Only the lines from the one with "Cards hang at" through the end of the data below belong in the answer, restated word for word, pictures excluded.

*Data*:
#####
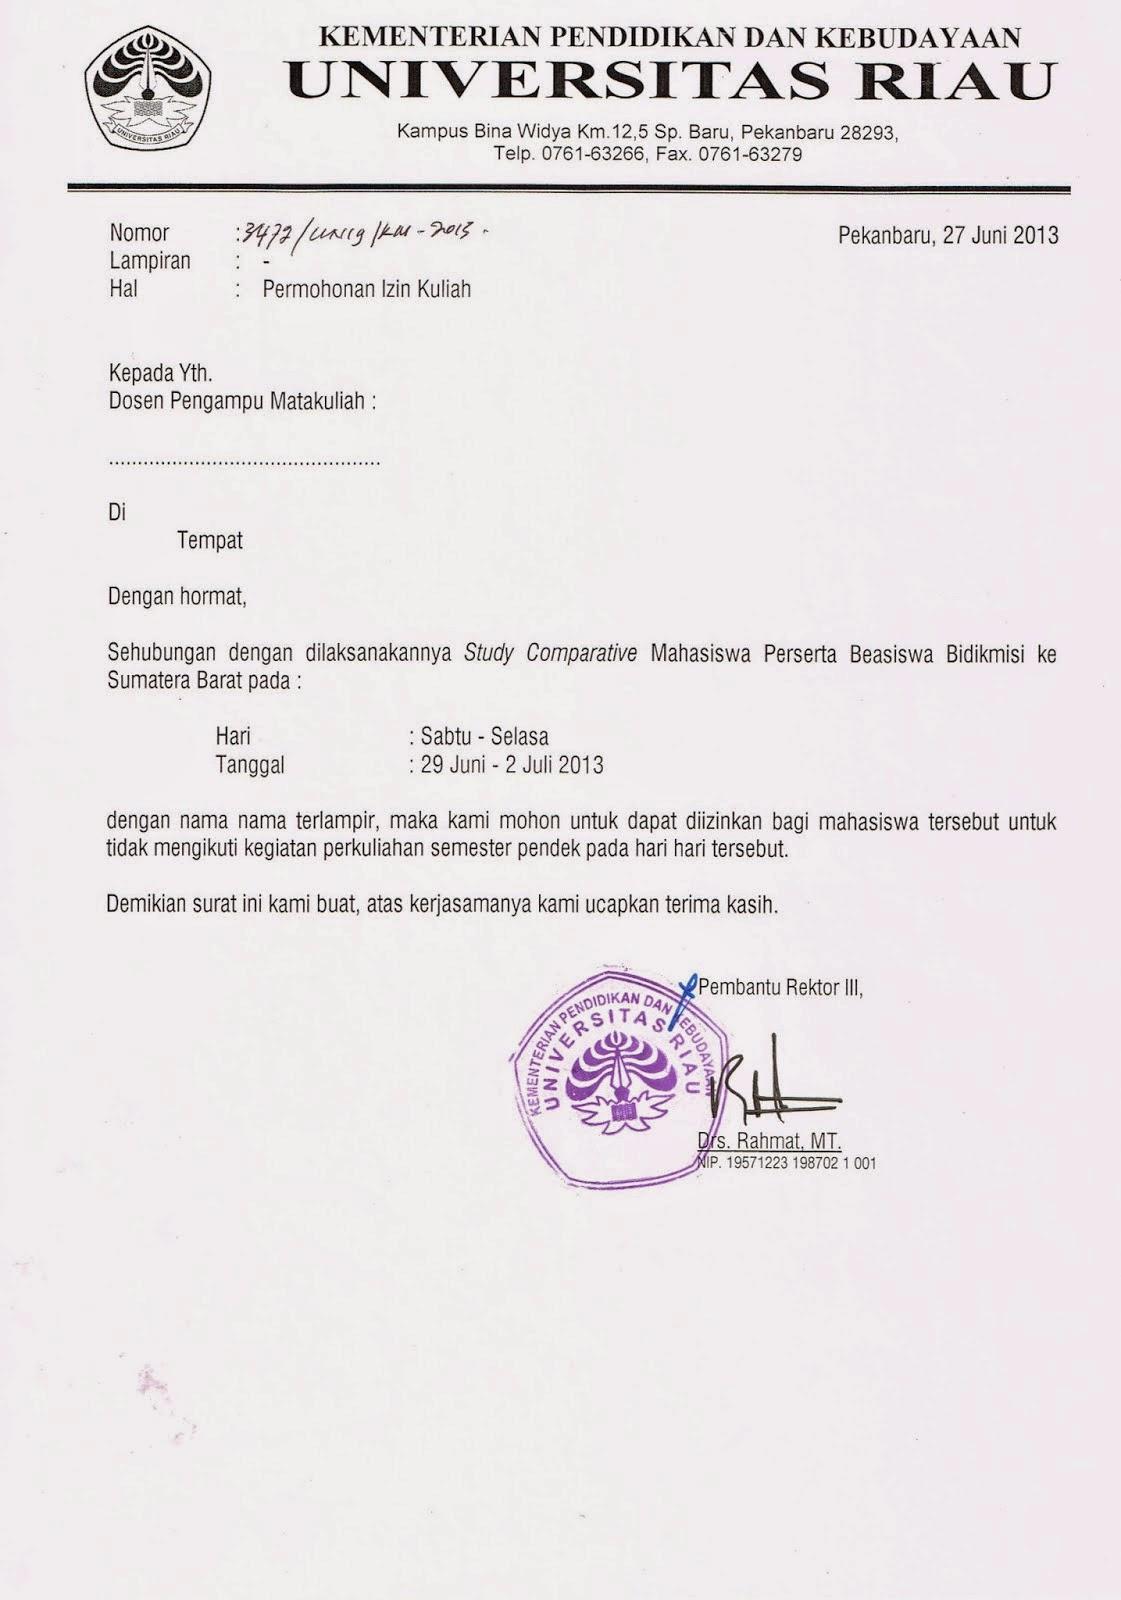 Contoh Surat Izin Tidak Masuk Kuliyah   Skripsi PAI
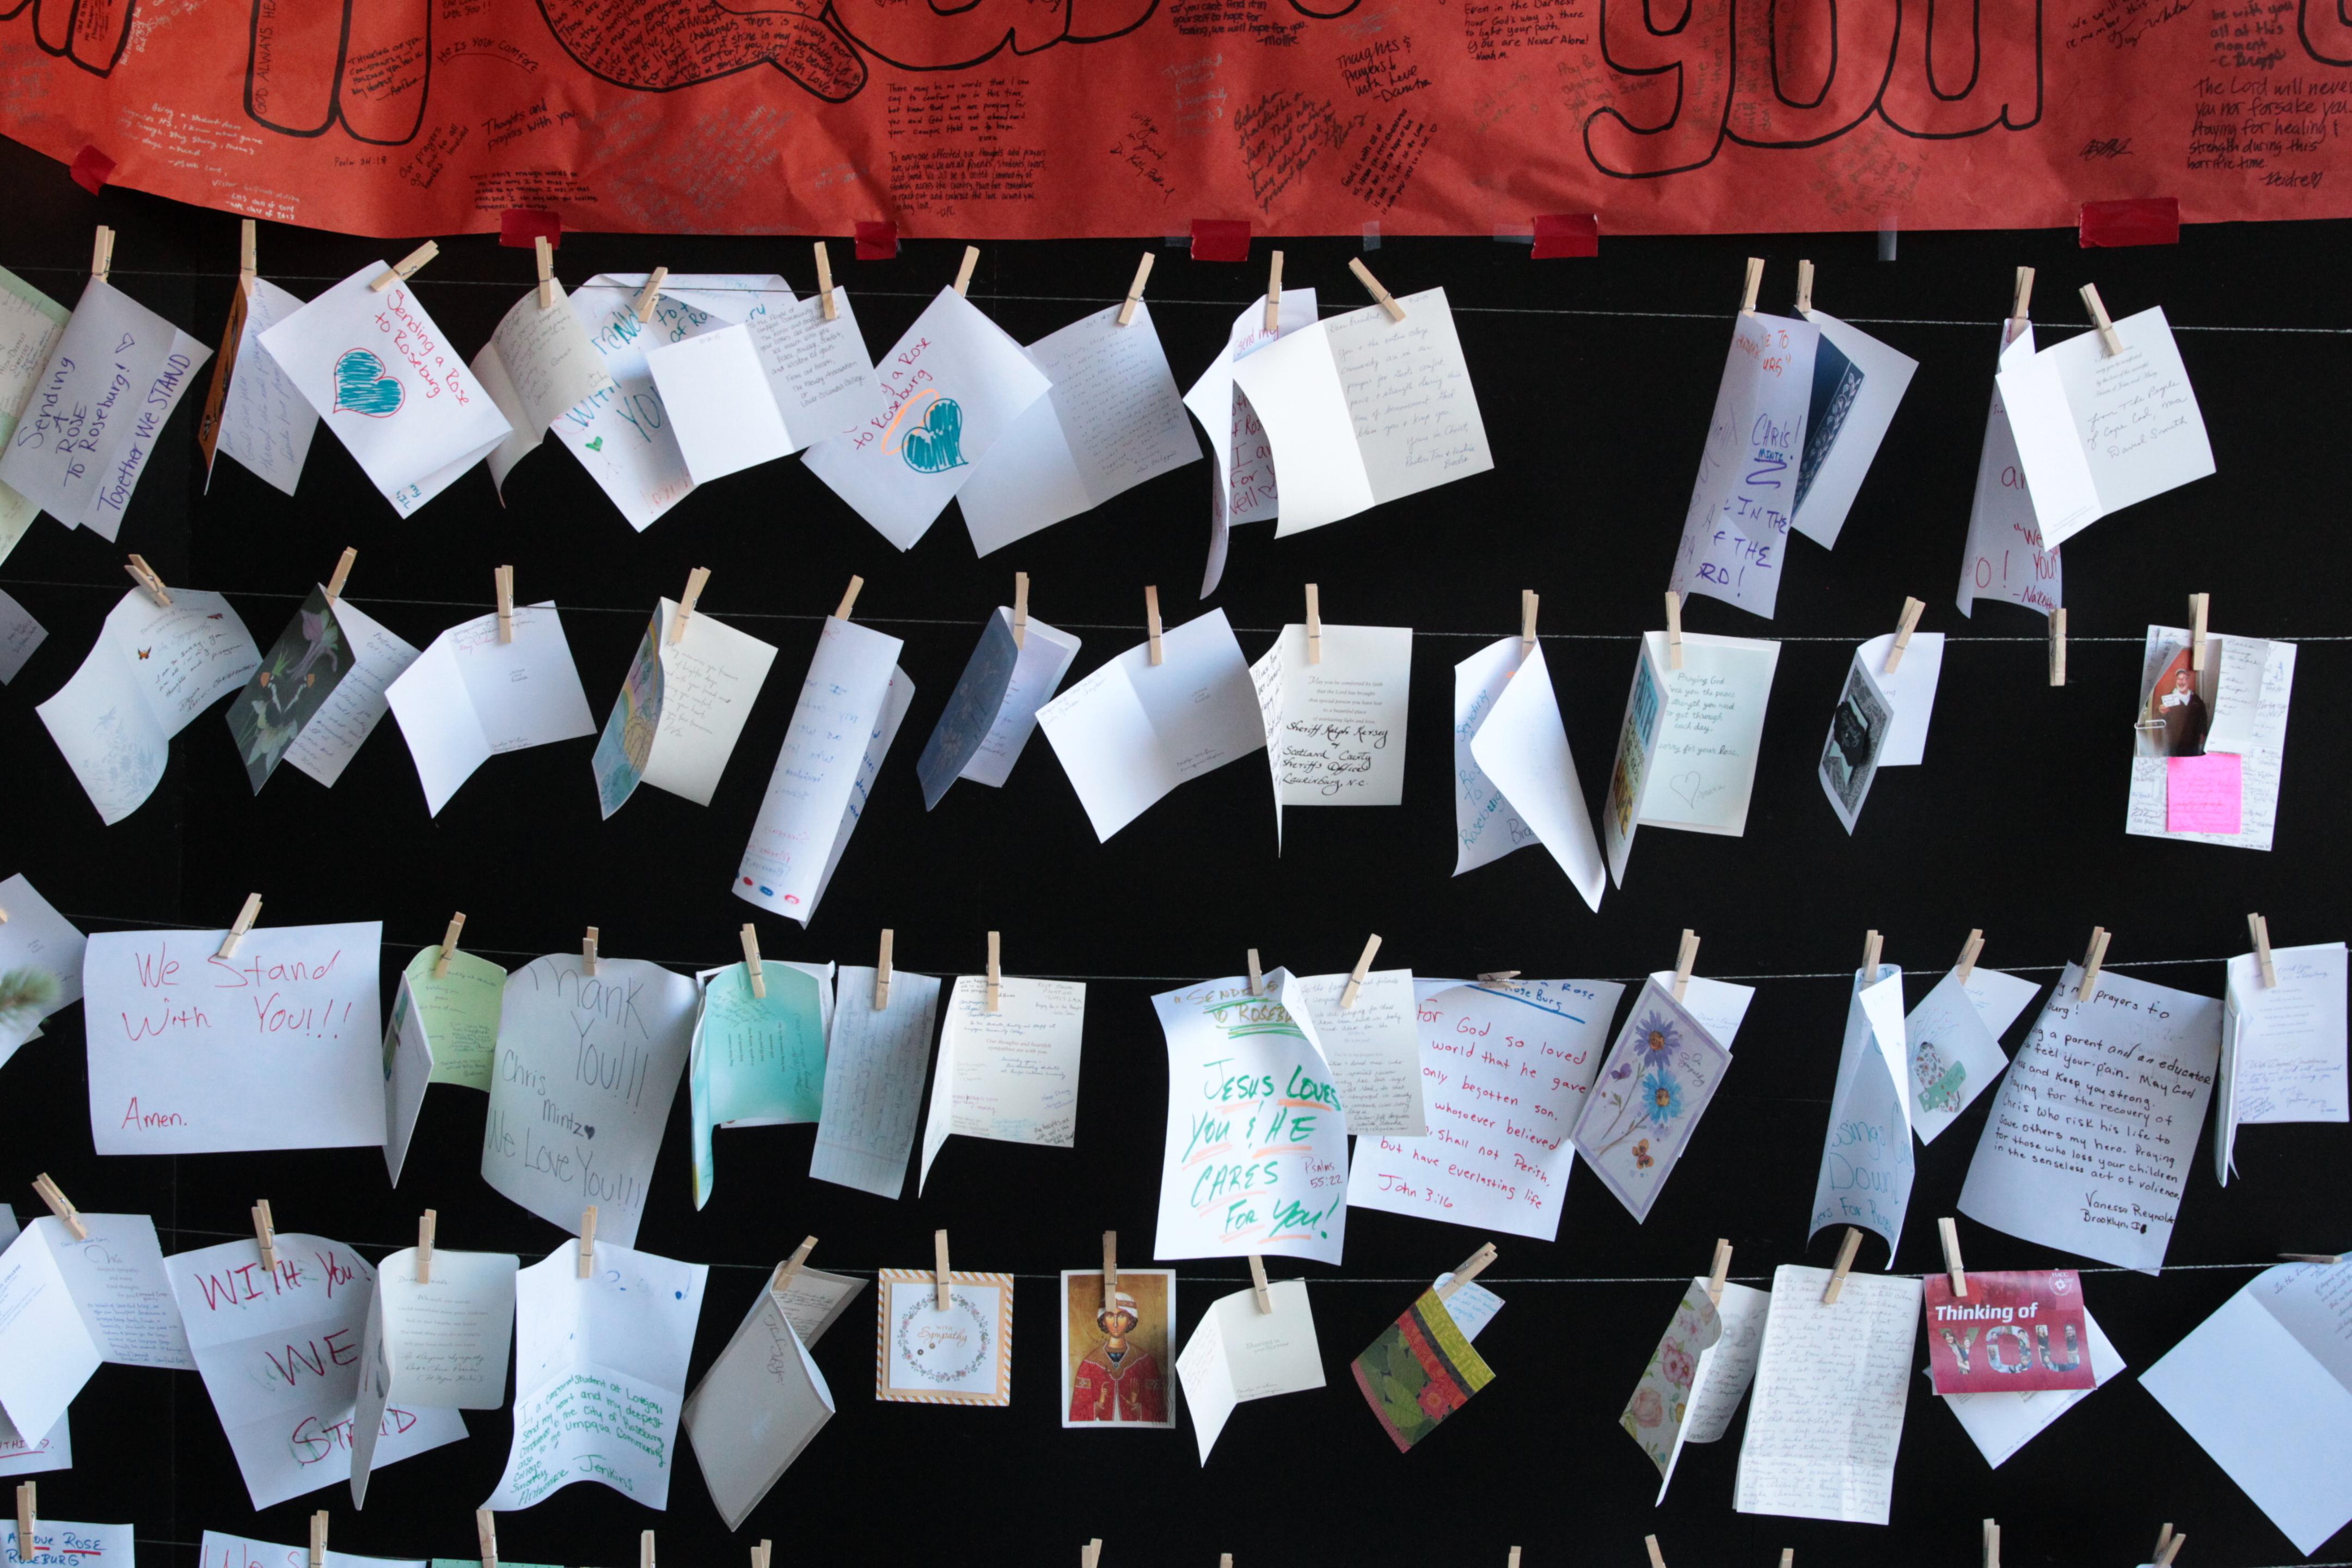 Cards hang at Umpqua Community College, Monday, Oct. 12, 2015, in Roseburg, Oregon. (Beth Nakamura/The Oregonian via AP, Pool)
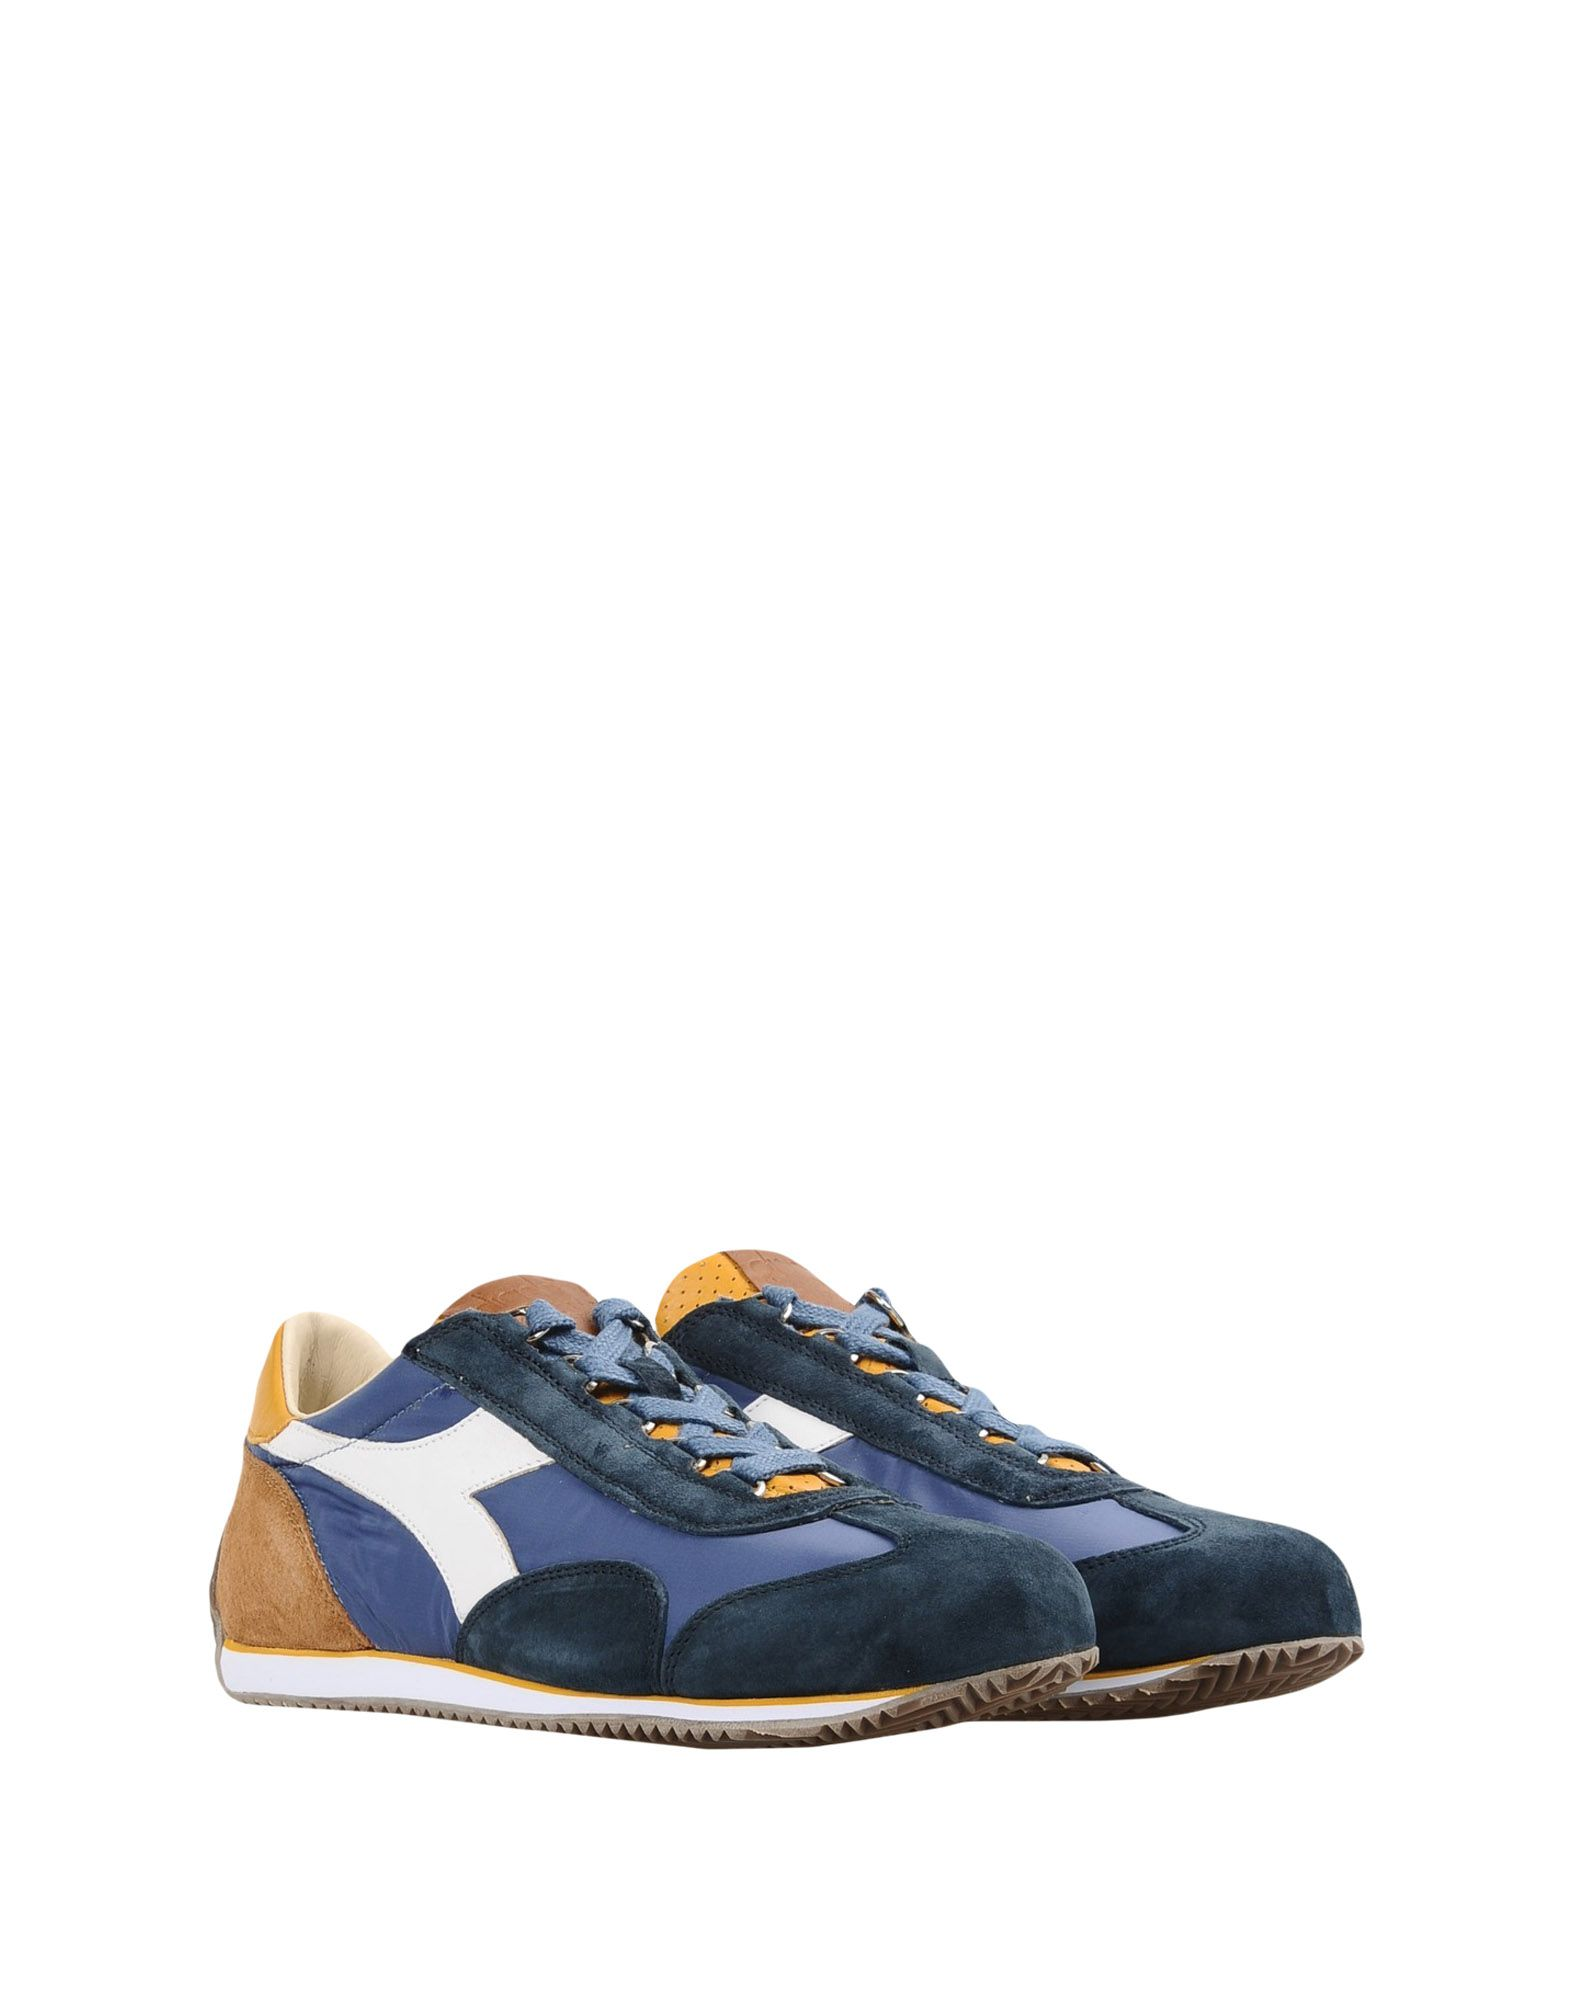 Sneakers Diadora Heritage Equipe Ita - Homme - Sneakers Diadora Heritage sur
#####
*Answer area*:
 Cards hang at Umpqua Community College, Monday, Oct. 12, 2015, in Roseburg, Oregon. (Beth Nakamura/The Oregonian via AP, Pool)
 Sneakers Diadora Heritage Equipe Ita - Homme - Sneakers Diadora Heritage sur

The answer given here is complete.